By the time I returned, I realized that we were progressing in destroying the barricades, which had allowed us to deploy new weapons on the beach. Gnomish panjandrums, two massive kertig discs sandwiching a medley of swiveling gears and pistons, were unleashed like rolling chariots, bouncing across the battlefield and then exploding violently. Additionally, situated within a tower was a massive ballista, modified with hexagonal corundum columns bearing cambrinth bands. Elementalists were able to guide gravel into a firing crucible, shaping it once it became molten rock, and sending it out as either deadly scattershot in the skies, or onto the battlefield as a fiercely spinning star. The additional measures seemed to be helping, though our forces were still facing a seemingly endless stream of undead and banyakeas, in addition to the Srinoja apparition.

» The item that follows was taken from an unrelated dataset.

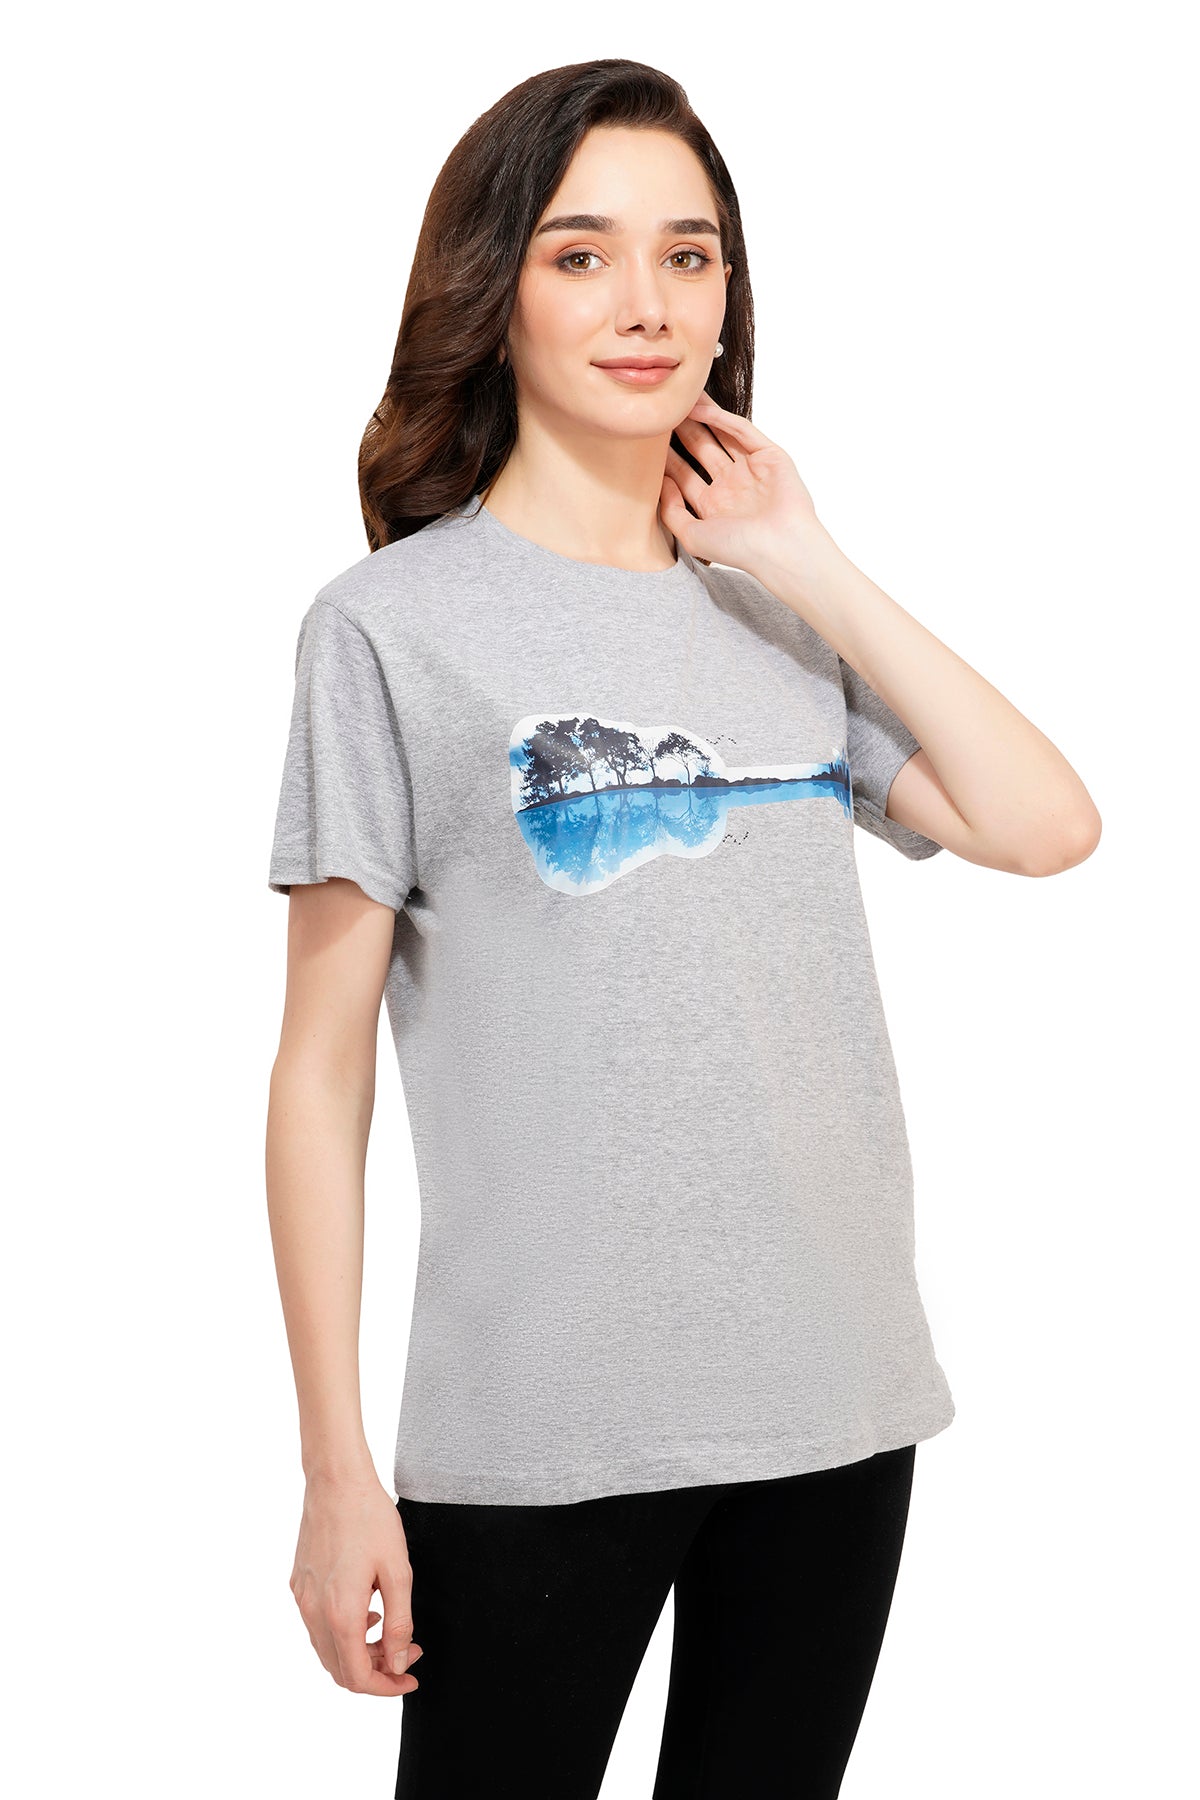 Women Heather Grey Guitar refection – t-shirt Lake SNAZZYNSUAVE

The final barricade fell. The weapons were turned on Jeihrem's own manor. We expected to tear it down, fire our weapon upon a little worm huddling inside.

We were mistaken.

The ground began to shake, and a foul wind blew across the land, smelling of rot and salt. The ground and sea oozed with blood, sinew, and flesh, ropey burls of fat and meat bubbling up from the surface and evaporating into a choking miasma. Swirling around, the bloody mist arced high into the air and gathered into a vile cloud above before extending tendrils down toward the manor.

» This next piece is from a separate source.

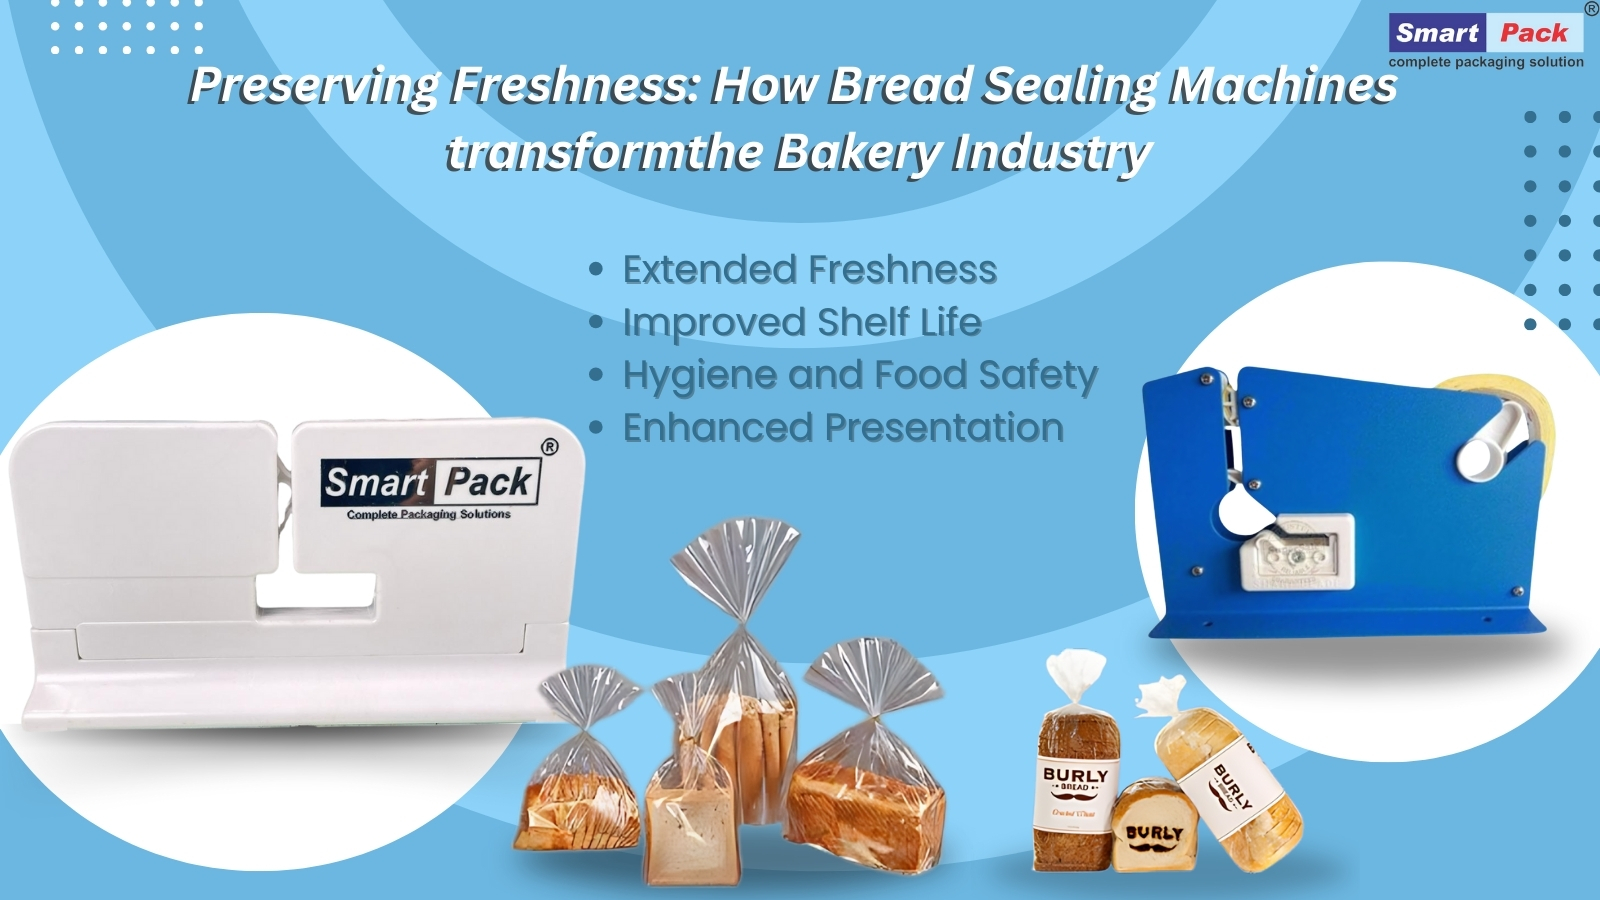 Preserving Freshness: How Bread Sealing Machines transform the Bakery Industry

Beyond the manor, a form arose. Clad in black steel armor and trailing a greatcloak of billowing shadow, it grew taller and taller. A tornado of blood and bone surged into Jeihrem, and he grew to a towering height, darkening the isle with his shadow. He grew to the height of a building, then beyond, far beyond, rivaling in my mind only the towers of Shard.

[A sketch is included, dark with the looming form of Jeihrem inked in black. Viewed in proportion to the isle and its village, he appears about 200 feet tall, armor-clad and face obscured by his black steel helm. One gargantuan foot is raised, poised to step down on a swarm of tiny soldiers below. Overhead, the miasmic swirl of bones and blood spiral up to him, as if his entire body were absorbing a pinguid, narcotic smoke.]

The elementalists with me were white with fear, and everyone scrambled to turn their weapons upon Jeihrem. "Gods above, FIRE IT NOW!" This time, we shaped the molten ironrock into numerous ten foot long, red-hot javelins, which we sent arcing through the sky toward the armored titan. Panjandrums rolled up to him and exploded against his legs, bolts of electricity flew from the airship, and maelstorms of ice and compressed balls of fire launched from the Oshu'k'et. He was staggered, but he kept moving.

Hefting a massive tyrium claymore, he slammed the blade into the ground. Hideous shadows tinged with sickening no-color sprayed outward from the buried weapon. I could hear something, clamoring and emboldened, called to this weakened point in reality. Those of scream and howl, chattering and skittering, tooth and claw and maw and too-many-eyes began to squirm through the fringe, along the edges. Jeihrem dispassionately twisted the blade, slashing sideways. A flare of void burst forth from the blade's wake, leaving a harsh afterglow. I struggled to make sense of the broken space left in the wake of the weapon, forms clamoring at the edges, conflicted screaming and otherworldly vantage visible through the orange haze beyond the gash in reality, no-color ripples billowing at its boundary.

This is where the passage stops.